Chancellor Gerhard Schroeder and the Education Ministers of the 16 States have now announced a plan to form a group of what are being called elite universities with about $300 millions from the German Government, starting in 2006. In other countries such a proposal might seem like either a good idea or an inadequate one, but the principle of it would not shake the foundations of the culture. In Germany, where an egalitarian ideal has an almost theological status, the very notion of an elite has a subversive tinge.

In 1972 the German courts ruled that any graduate of a gymnasium, the more academically oriented part of the German high-school system, had a right to a university education entirely paid for by the state. At Heidelberg this led to a jump in enrolment, from fewer than 10,000 students to more than 30,000, before it settled to its current level.

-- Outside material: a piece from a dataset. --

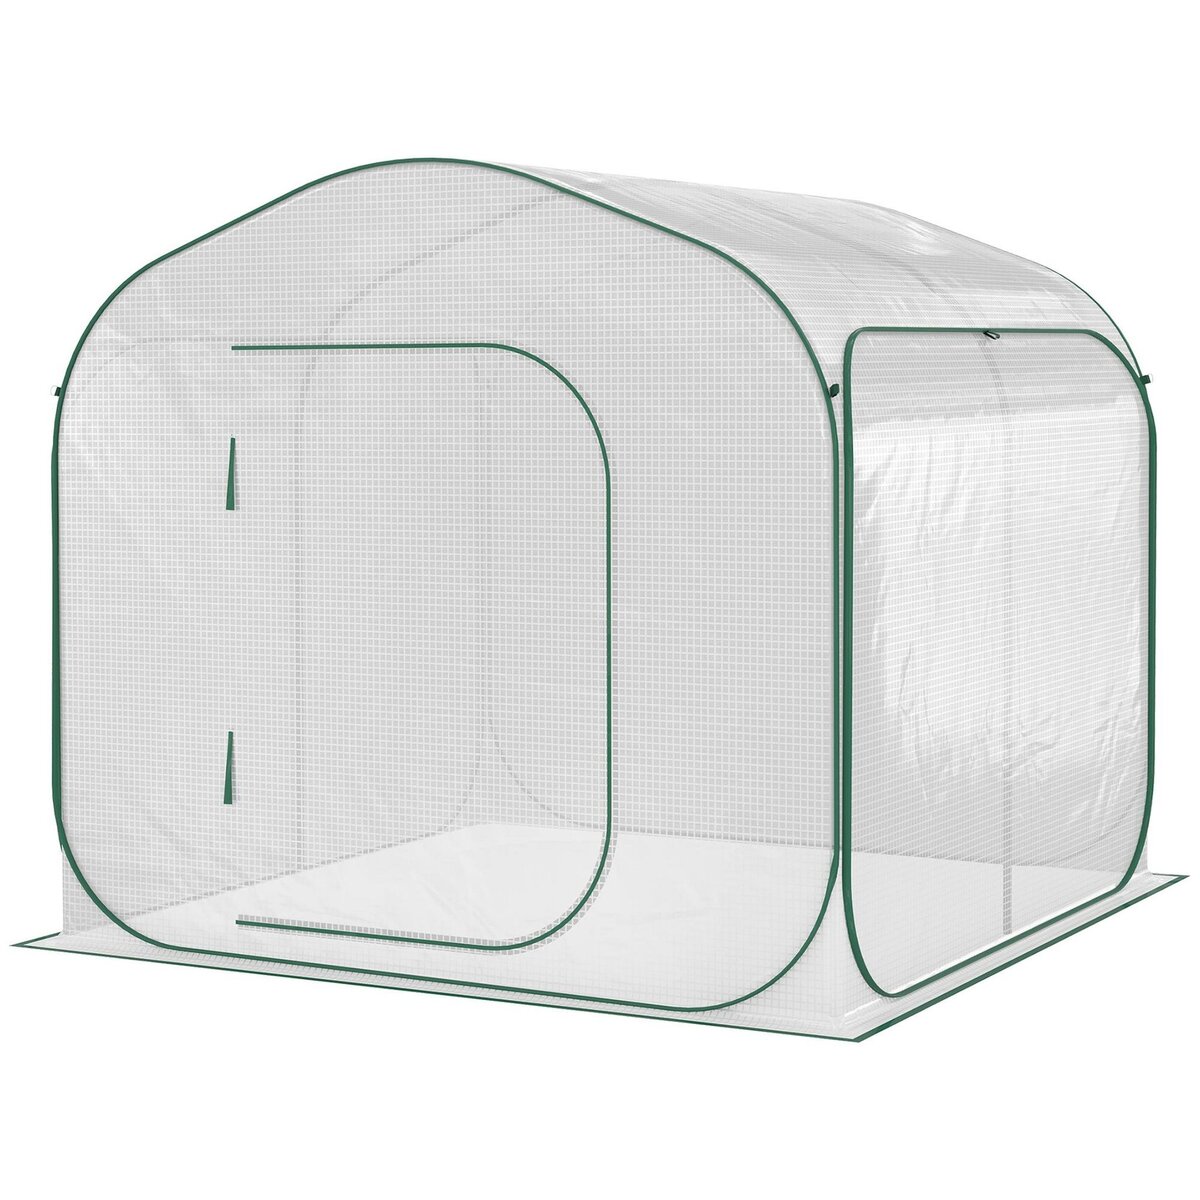 OUTSUNNY Serre pop-up - serre de jardin pop-up - porte zippée enroulable - dim. 2,08L x 2,08l x 1,95H m - sac transport inclus - PE blanc vert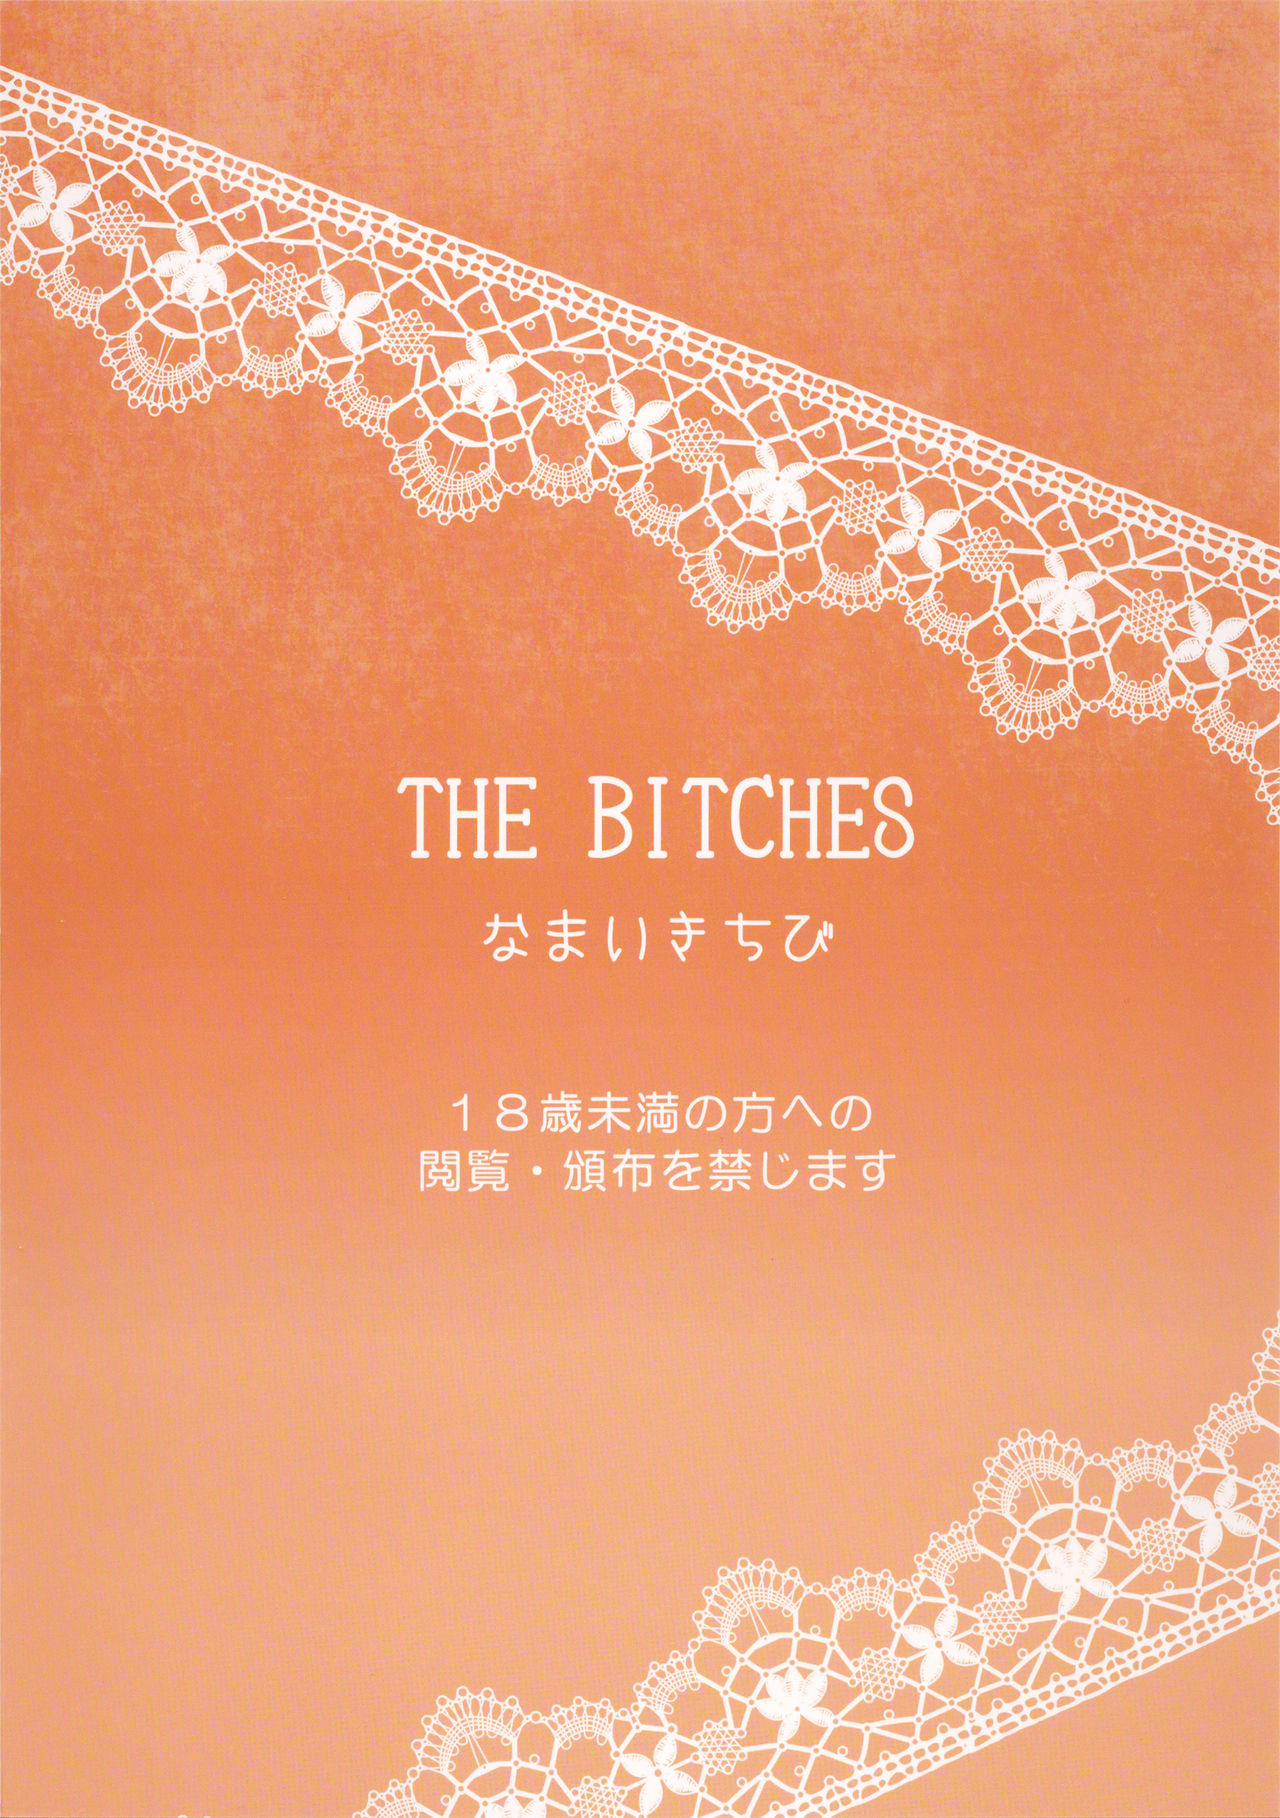 [Namaikichibi (Yuchi, Kyoukei)] THE BITCHES [2015-10-16] [なまいきちび (ゆち、狂鶏)] THE BITCHES [2015年10月16日]

Not everybody is happy with the idea of elite institutions, in large part because the government's proposal would involve not just money but, in the sharpest departure from the egalitarian ideal, a much higher degree of selection of some students over others. That idea has produced demonstrations and placards like the one declaring, ``Elite for Everybody.'' But there is little of the continuing opposition that other changes, like cutbacks in pensions or medical benefits, have provoked, probably because of a realisation that the country has, academically speaking, been living on its past glories.

Germany's production of Nobel laureates is often cited as evidence of the decline in the upper echelons. In the first third of the 20th century, Germany produced 25 Nobel winners in chemistry and physics, the most in the world. Between 1984 and 2003, Americans won 10 times as many Nobel Prizes as did Germans.